[DATASET EXTRACT]

☆ ☆ ☆ ☆ ☆

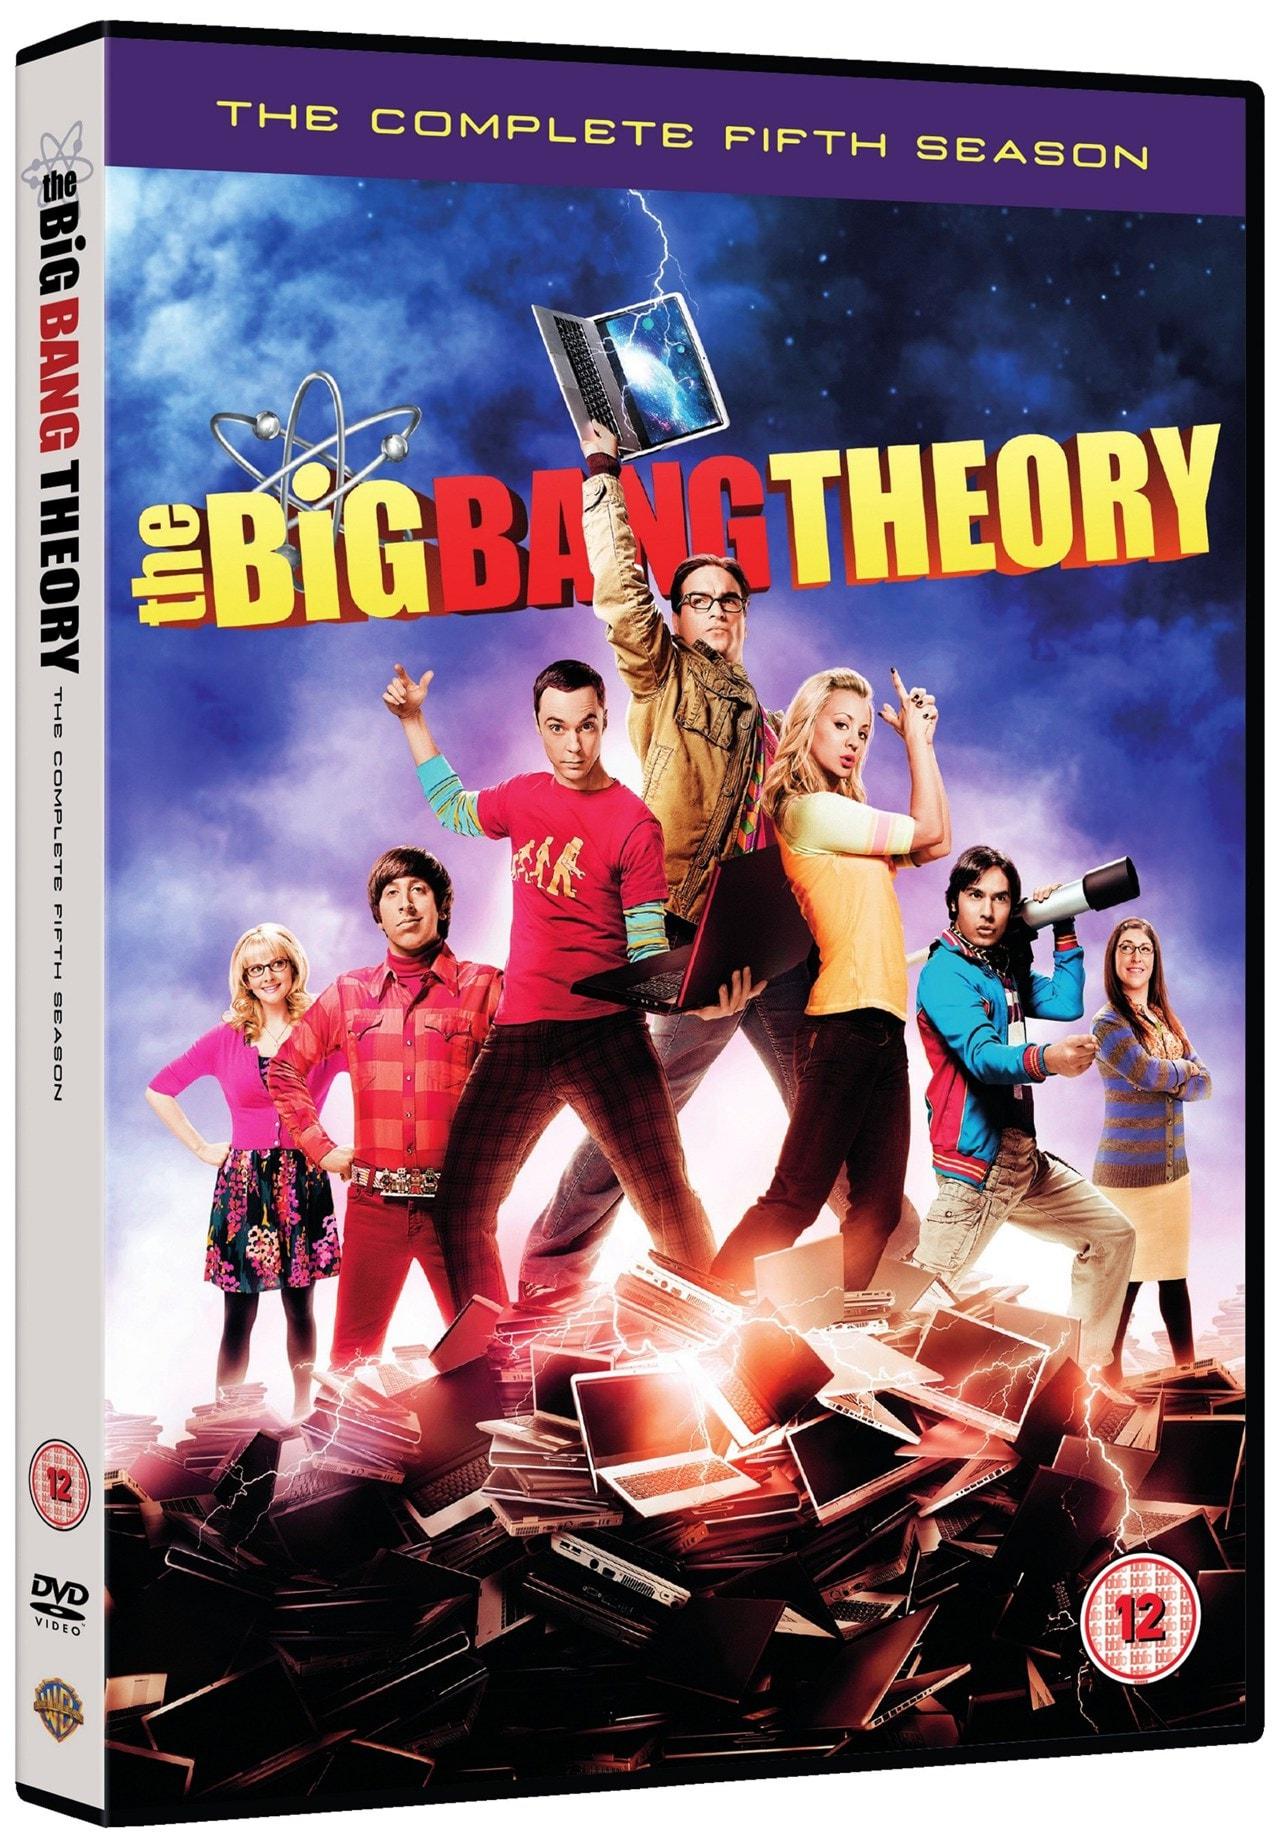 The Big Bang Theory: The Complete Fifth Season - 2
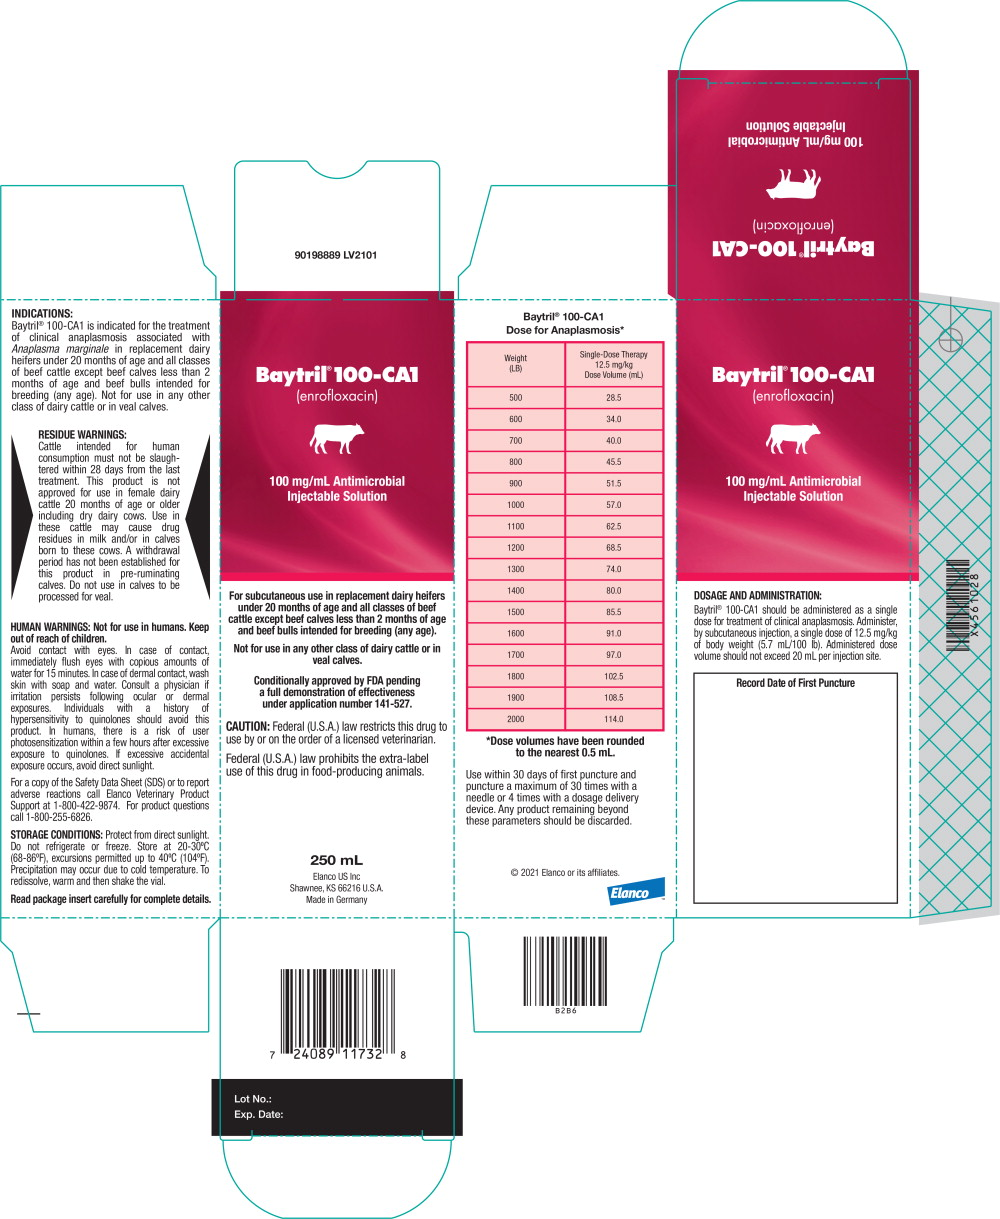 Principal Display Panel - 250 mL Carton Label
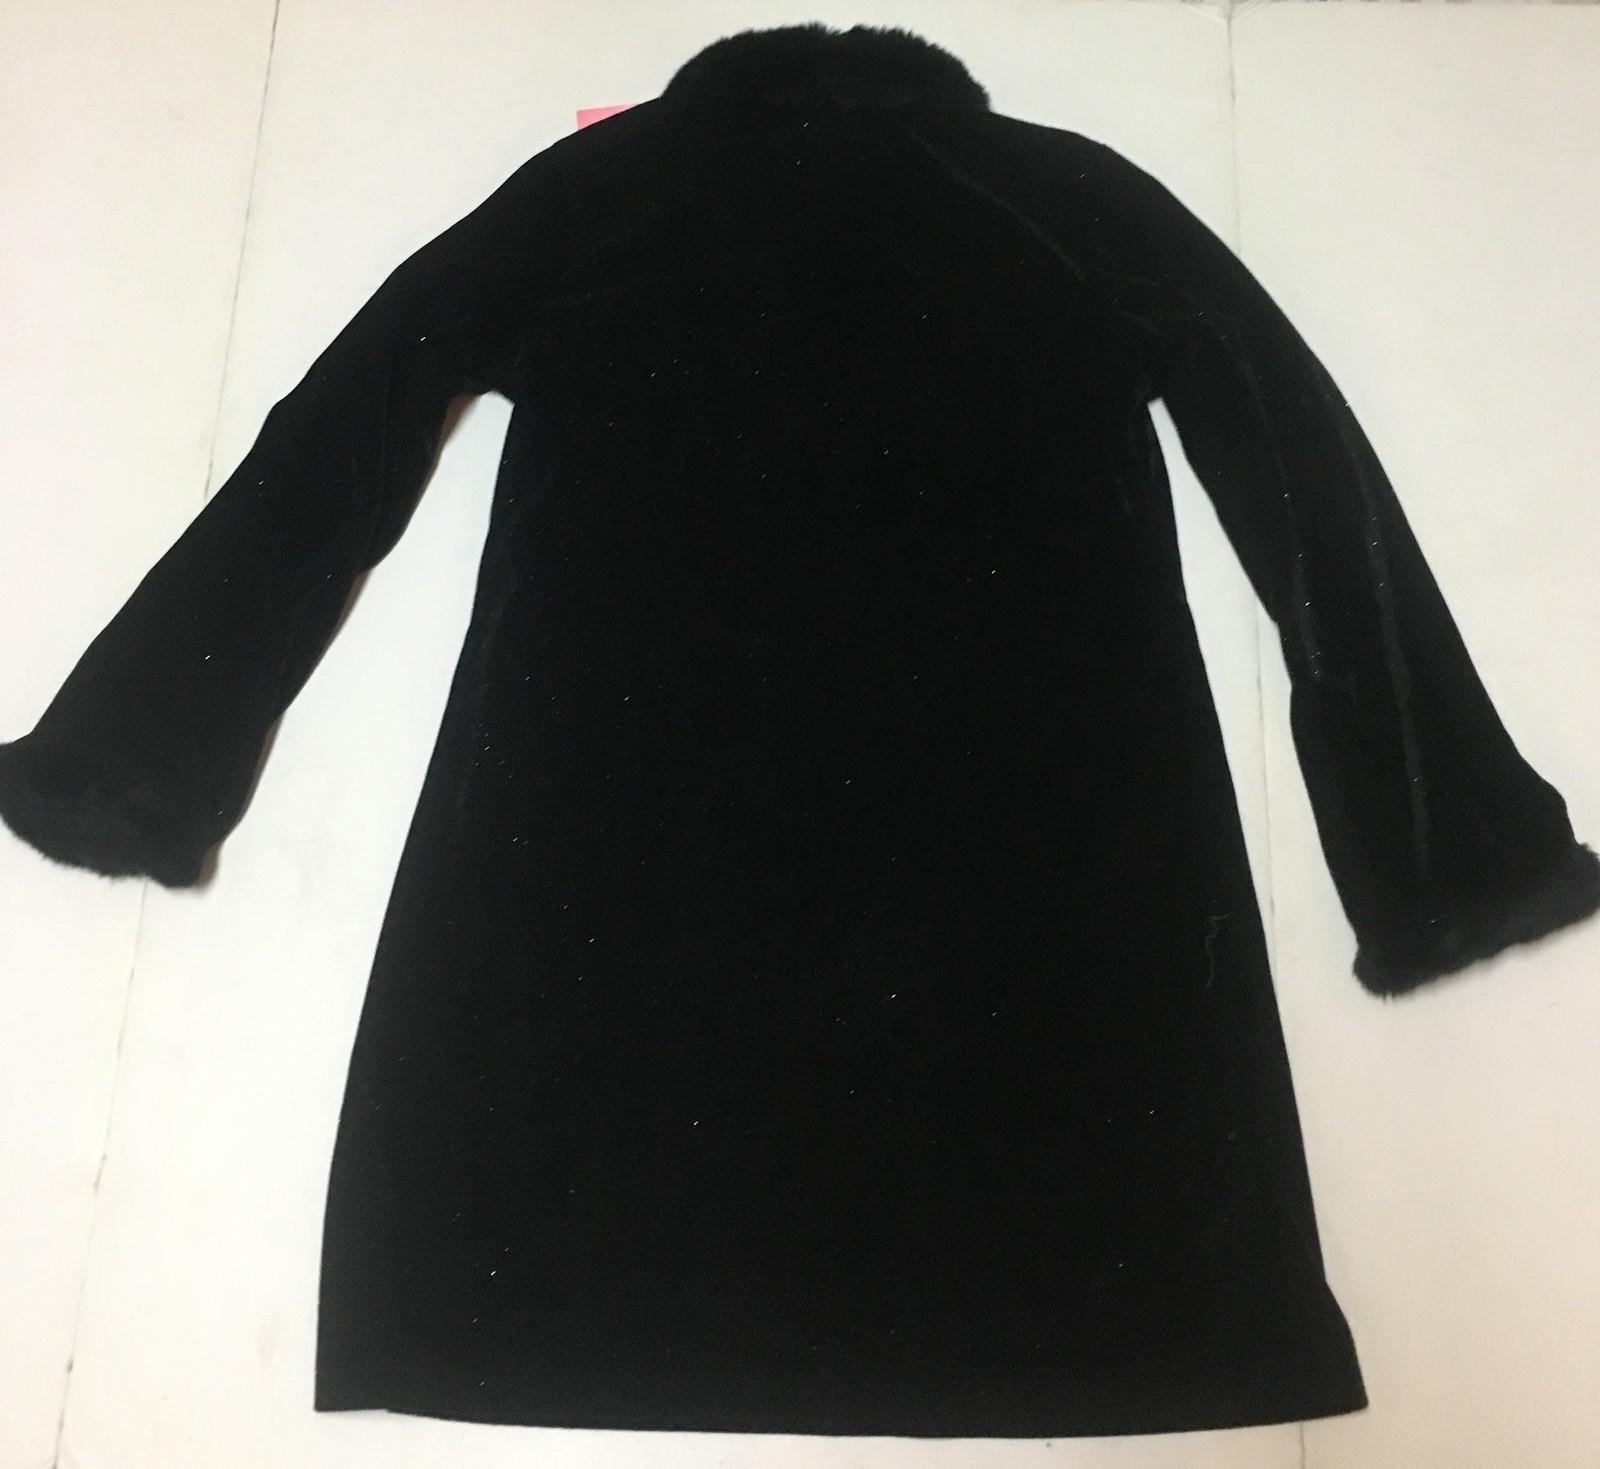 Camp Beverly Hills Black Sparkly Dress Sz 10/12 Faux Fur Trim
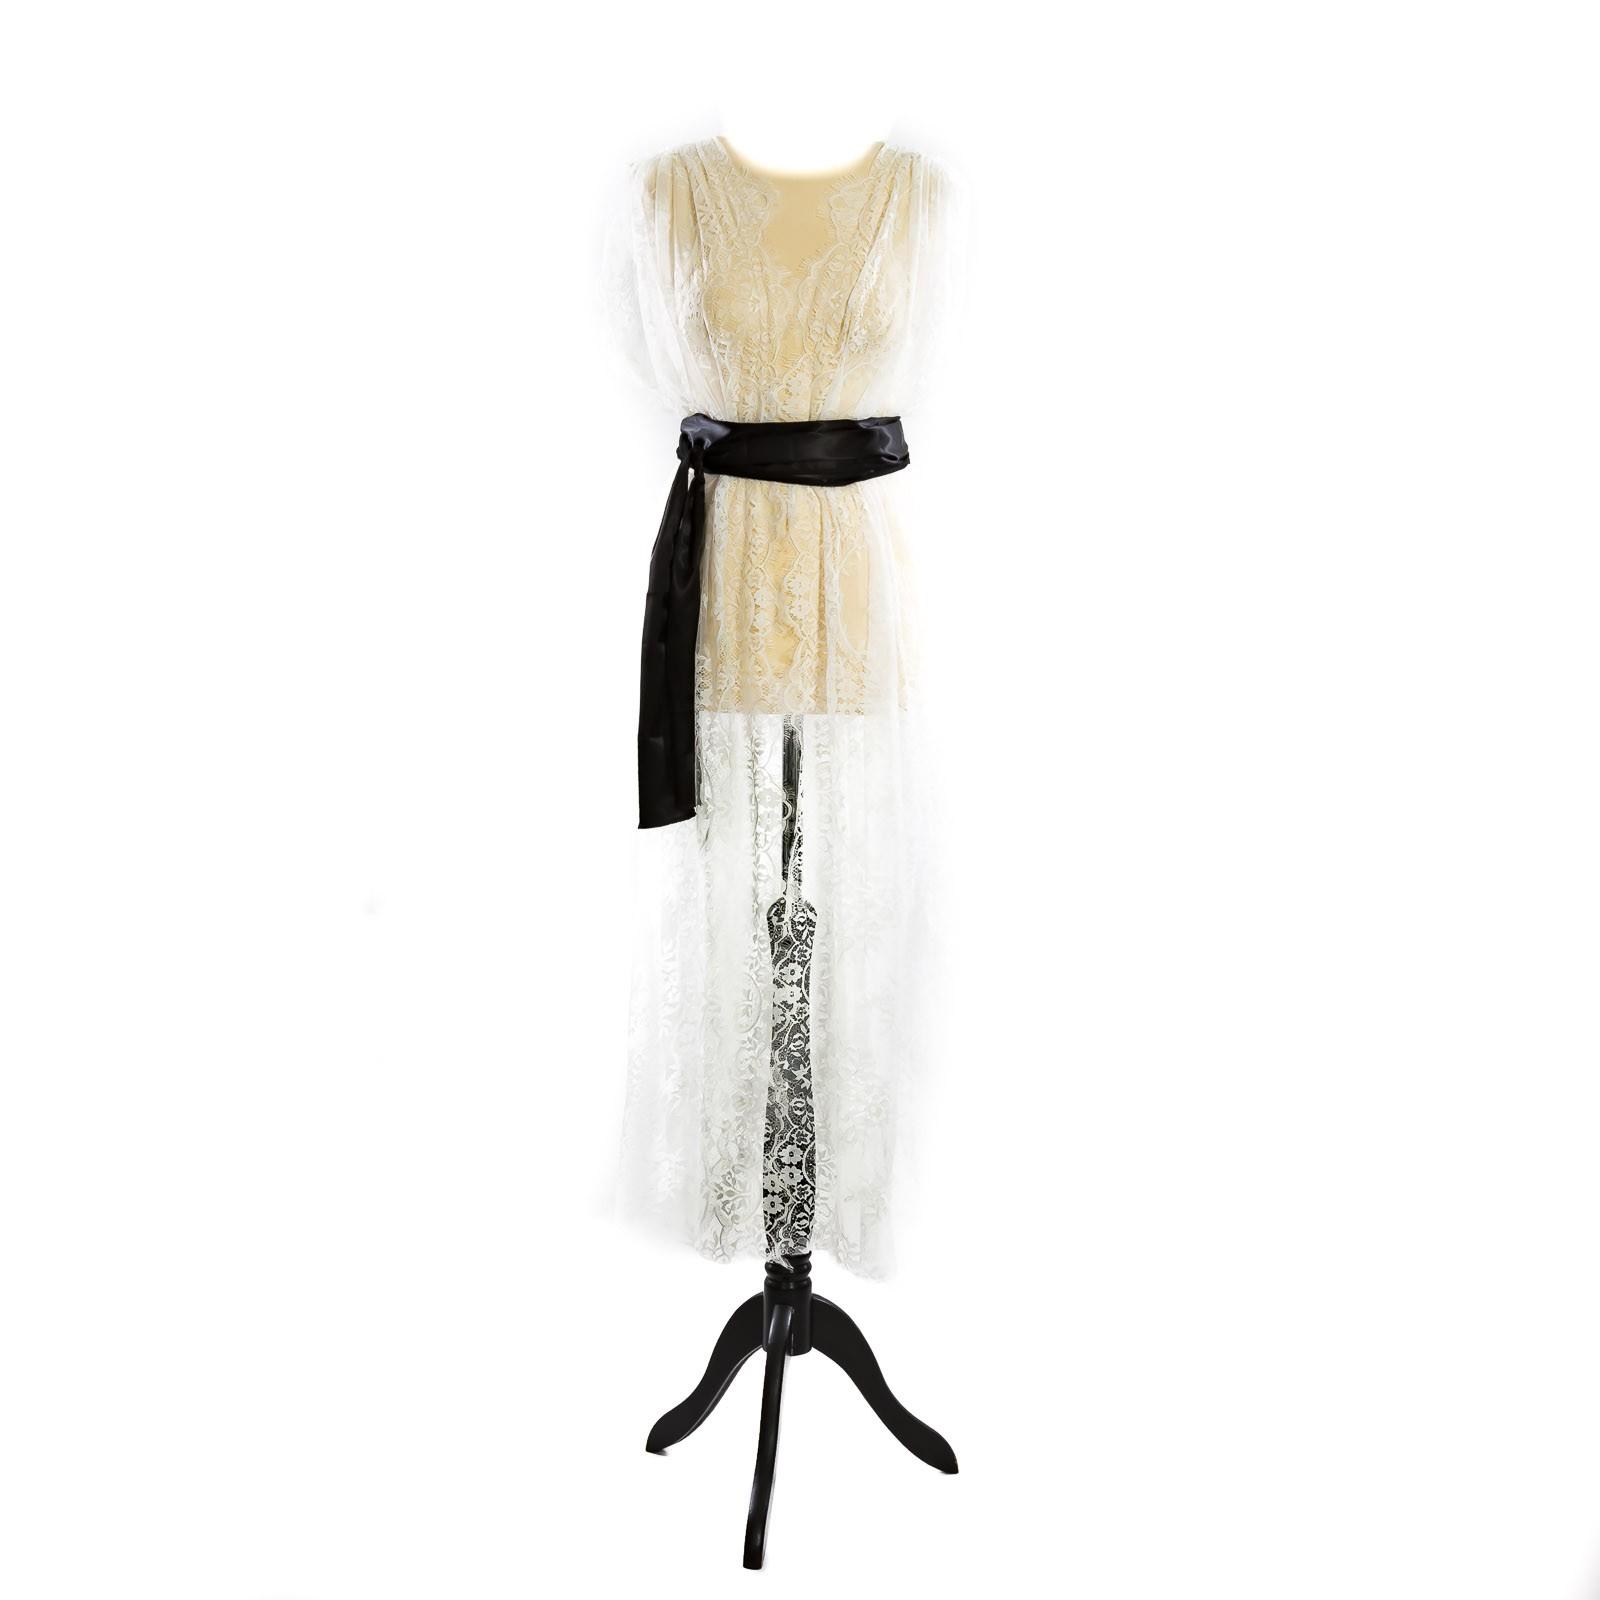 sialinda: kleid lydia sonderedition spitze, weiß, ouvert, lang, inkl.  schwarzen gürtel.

☆ ☆ ☆ ☆ ☆

[BRIEF]
Please give the data above again in exact form and omit every picture.

[WRITTEN SOLUTION]
 The Big Bang Theory: The Complete Fifth Season - 2
 Principal Display Panel - 250 mL Carton Label
 Camp Beverly Hills Black Sparkly Dress Sz 10/12 Faux Fur Trim
 sialinda: kleid lydia sonderedition spitze, weiß, ouvert, lang, inkl.  schwarzen gürtel.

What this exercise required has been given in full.